LKML Archive on lore.kernel.org
help / color / mirror / Atom feed
From: Andrew Morton <akpm@osdl.org>
To: Christoph Lameter <clameter@sgi.com>
Cc: menage@google.com, linux-kernel@vger.kernel.org,
	nickpiggin@yahoo.com.au, linux-mm@kvack.org, ak@suse.de,
	pj@sgi.com, dgc@sgi.com
Subject: Re: [RFC 0/8] Cpuset aware writeback
Date: Tue, 16 Jan 2007 20:05:06 -0800	[thread overview]
Message-ID: <20070116200506.d19eacf5.akpm@osdl.org> (raw)
In-Reply-To: <Pine.LNX.4.64.0701161920480.4677@schroedinger.engr.sgi.com>

> On Tue, 16 Jan 2007 19:40:17 -0800 (PST) Christoph Lameter <clameter@sgi.com> wrote:
> On Tue, 16 Jan 2007, Andrew Morton wrote:
> 
> > Consider: non-exclusive cpuset A consists of mems 0-15, non-exclusive
> > cpuset B consists of mems 0-3.  A task running in cpuset A can freely dirty
> > all of cpuset B's memory.  A task running in cpuset B gets oomkilled.
> > 
> > Consider: a 32-node machine has nodes 0-3 full of dirty memory.  I create a
> > cpuset containing nodes 0-2 and start using it.  I get oomkilled.
> > 
> > There may be other scenarios.
> 
> Yes this is the result of the hierachical nature of cpusets which already 
> causes issues with the scheduler. It is rather typical that cpusets are 
> used to partition the memory and cpus. Overlappig cpusets seem to have 
> mainly an administrative function. Paul?

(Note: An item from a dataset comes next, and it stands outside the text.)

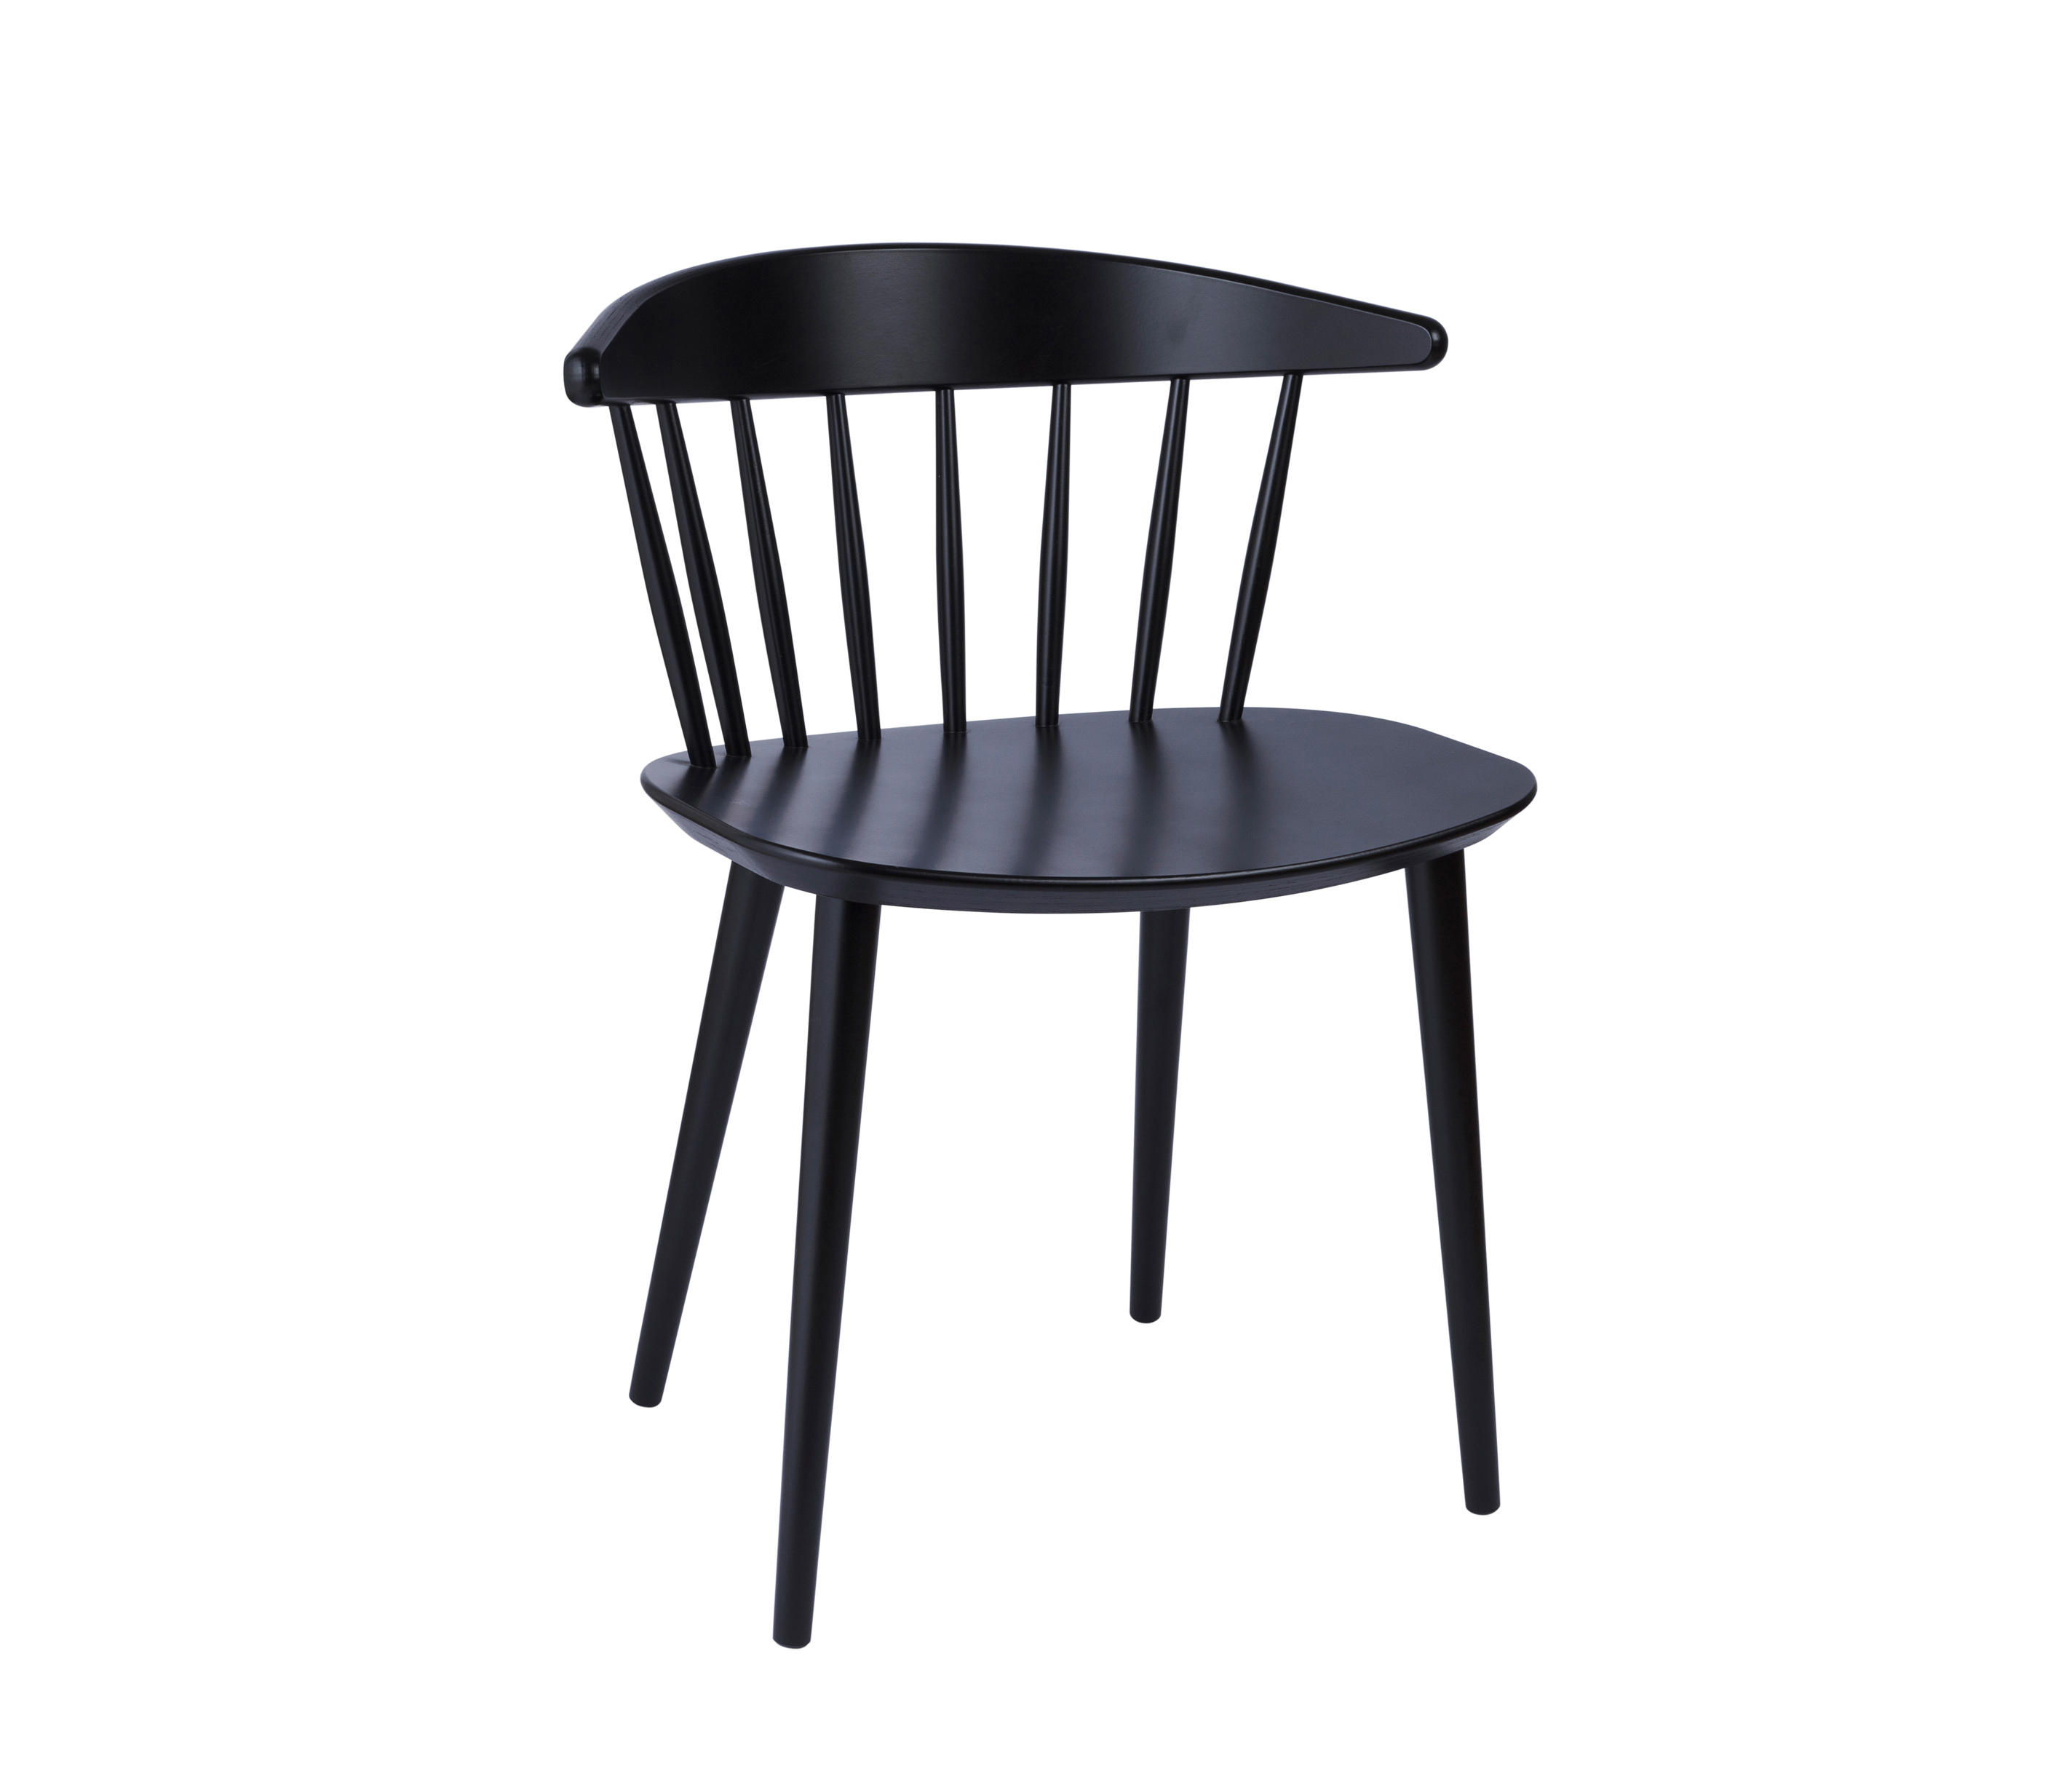 J104 CHAIR - Stühle von Hay | Architonic

The typical usage scenarios don't matter a lot: the examples I gave show
that the core problem remains unsolved.  People can still hit the bug.

> > So what I suggest we do is to fix the NFS bug, then move on to considering
> > the performance problems.
> 
> The NFS "bug" has been there for ages and no one cares since write 
> throttling works effectively. Since NFS can go via any network technology 
> (f.e. infiniband) we have many potential issues at that point that depend 
> on the underlying network technology. As far as I can recall we decided 
> that these stacking issues are inherently problematic and basically 
> unsolvable.

The problem you refer to arises from the inability of the net driver to
allocate memory for an outbound ack.  Such allocations aren't constrained to
a cpuset.

I expect that we can solve the NFS oom problem along the same lines as
block devices.  Certainly it's dumb of us to oom-kill a process rather than
going off-cpuset for a small and short-lived allocation.  It's also dumb of
us to allocate a basically unbounded number of nfs requests rather than
waiting for some of the ones which we _have_ allocated to complete.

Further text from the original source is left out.